For seasonal structure (period m):

  • Seasonal spikes in ACF at m, 2m, ... suggest seasonal MA (Q).
  • Seasonal spikes in PACF at m, 2m, ... suggest seasonal AR (P).

Setup

library(fpp3)
library(quantmod)
library(tidyverse)
library(fredr)

remove(list=ls())

Example 1: Non-seasonal ARIMA from FRED

fredr_set_key("8a9ec1330374c1696f05cc8e526233b5") # replace with your own key please

?fredr

unrate <- fredr(
  series_id = "UNRATE"
) %>%
  transmute(
    Month = yearmonth(date),
    value = value
  ) %>%
  as_tsibble(index = Month)


unrate %>%
  autoplot(value) +
  labs(
    title = "UNRATE from FRED",
    subtitle = "Unemployment rate (monthly, weak seasonality)",
    y = "Percent",
    x = "Month"
  )

Fit a non-seasonal ARIMA in FPP3 style:

test_n <- 24
unrate_n <- nrow(unrate)
unrate_train <- unrate %>% slice_head(n = unrate_n - test_n)
unrate_test  <- unrate %>% slice_tail(n = test_n)

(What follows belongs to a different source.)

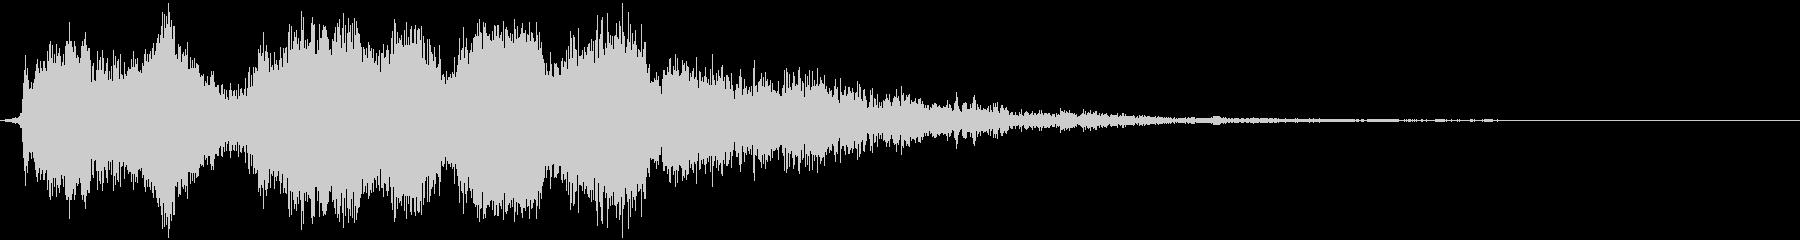 ヘビーザップの未再生の波形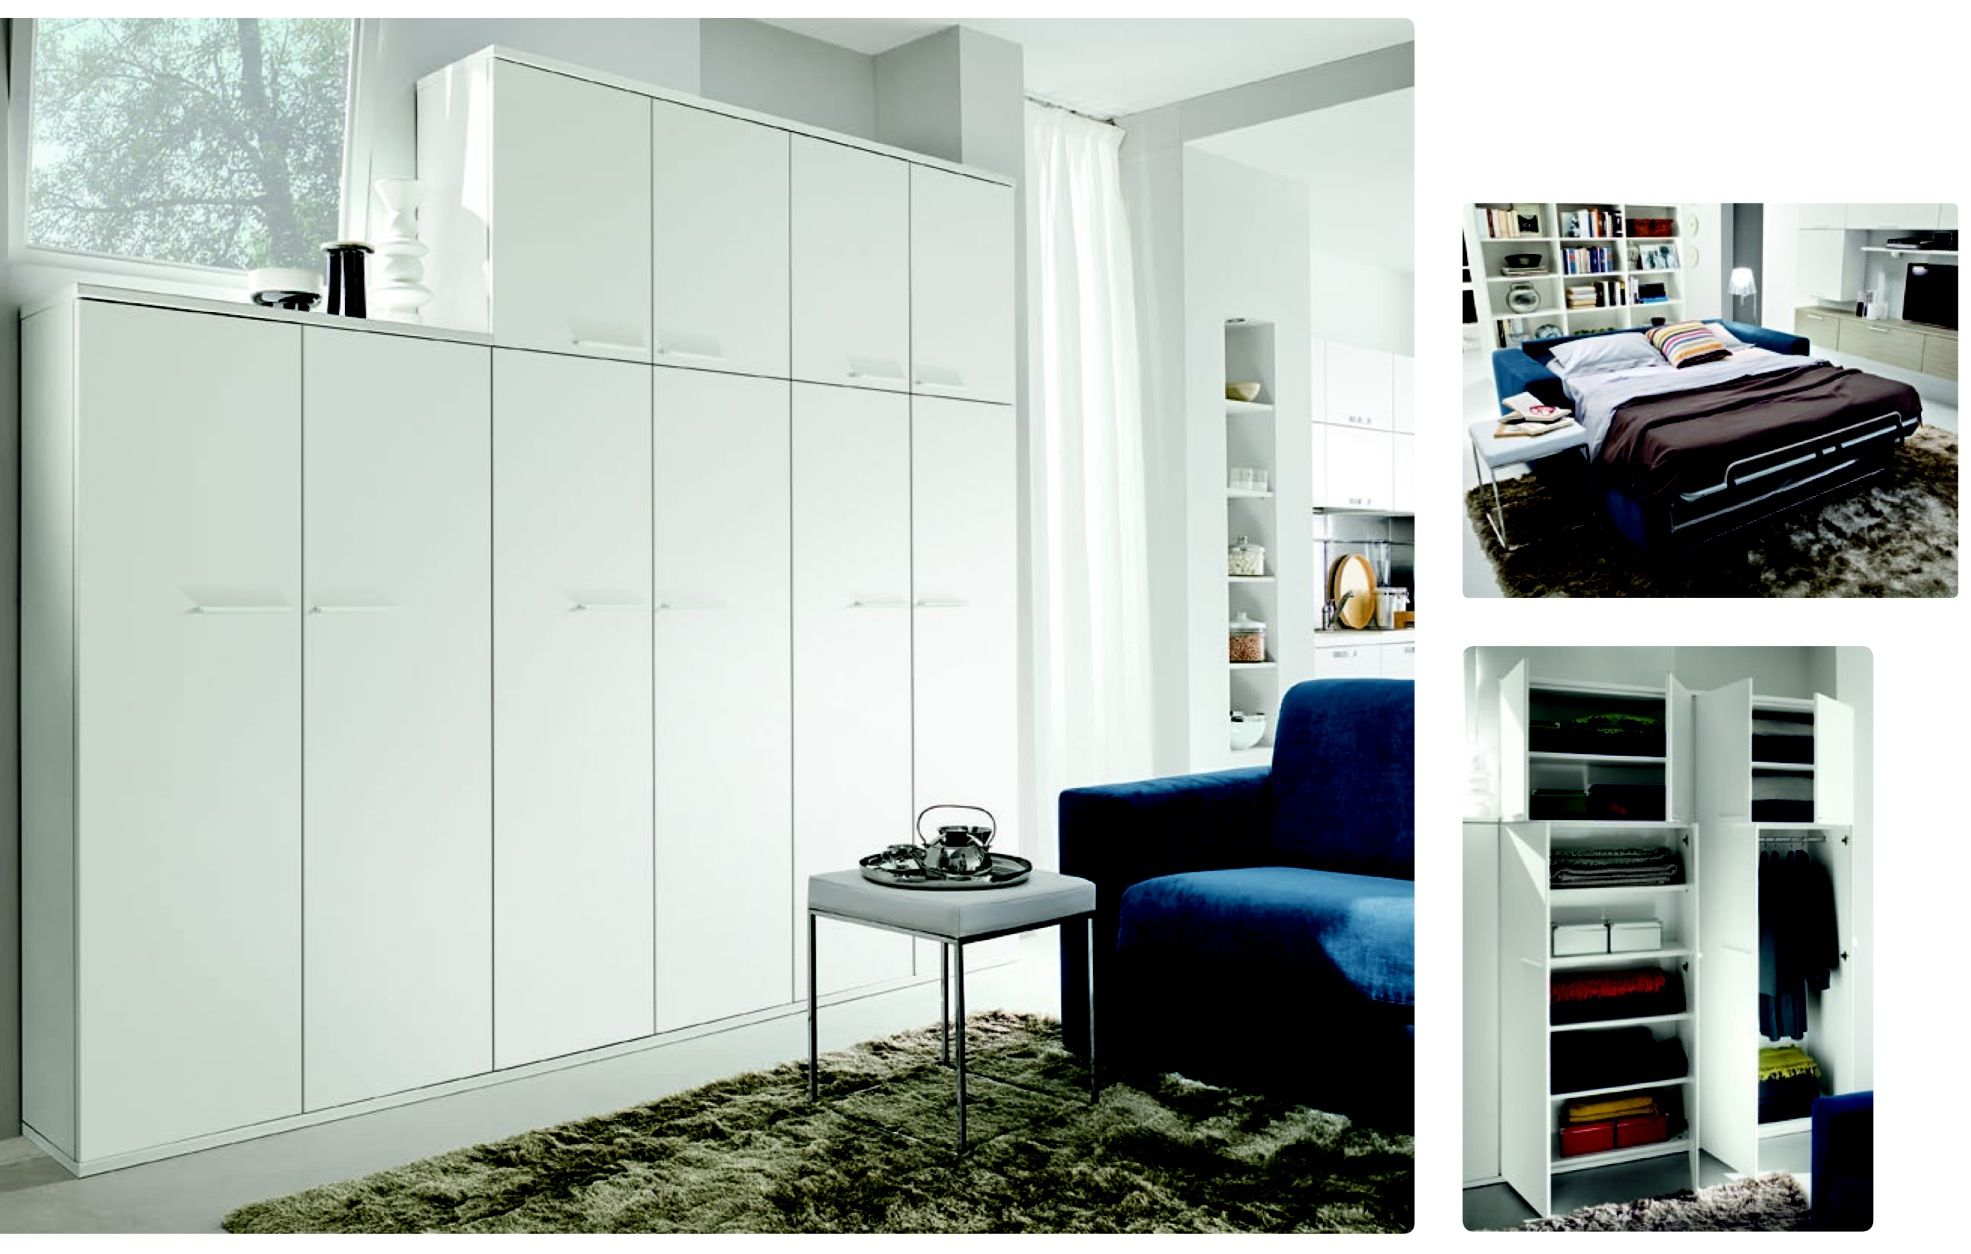 Comp arredamento monolocale 30mq soluzione for Arredamento appartamento completo

fit_arima <- unrate_train %>%
  model(arima = ARIMA(value))

fit_arima

Parameter explanation for this example:

  • p: non-seasonal AR lags selected by ARIMA()
  • d: non-seasonal differences selected by ARIMA()
  • q: non-seasonal MA lags selected by ARIMA()
fit_arima %>% report()
Series: value 
Model: ARIMA(1,1,1) 

Coefficients:
          ar1     ma1
      -0.7662  0.8210
s.e.   0.1070  0.0943

sigma^2 estimated as 0.1745:  log likelihood=-497.48
AIC=1000.96   AICc=1000.98   BIC=1015.41

Interpreting ARIMA(1,1,1) coefficients

ARIMA(1,1,1) means:

  • d = 1: model is fit to first differences, w_t = y_t - y_{t-1}
  • p = 1: one AR term on differenced series
  • q = 1: one MA term on differenced series

Model form on the differenced series:

w_t = c + phi_1 * w_{t-1} + e_t + theta_1 * e_{t-1}

  • phi_1 (ar1 coefficient): persistence of the differenced process
  • theta_1 (ma1 coefficient): correction from last period shock/error
  • c (constant; drift can be implied): average change per period
fit_111 <- unrate_train %>%
  model(arima_111 = ARIMA(value ~ pdq(1,1,1)))

fit_111 %>% report()
Series: value 
Model: ARIMA(1,1,1) 

Coefficients:
          ar1     ma1
      -0.7662  0.8210
s.e.   0.1070  0.0943

sigma^2 estimated as 0.1745:  log likelihood=-497.48
AIC=1000.96   AICc=1000.98   BIC=1015.41
tidy(fit_111)

Example 2: Seasonal ARIMA from FRED

# Strongly seasonal monthly series (NSA)

houst <- fredr_series_observations(series_id = "HOUSTNSA") %>%
  transmute(
    Month = yearmonth(date),
    value = value
  ) %>%
  as_tsibble(index = Month)

houst %>%
  autoplot(value) +
  labs(
    title = "HOUSTNSA from FRED",
    subtitle = "Housing starts (monthly, strong seasonality)",
    y = "Thousands of units",
    x = "Month"
  )

Fit one explicit seasonal ARIMA:

houst_n <- nrow(houst)
houst_train <- houst %>% slice_head(n = houst_n - test_n)
houst_test  <- houst %>% slice_tail(n = test_n)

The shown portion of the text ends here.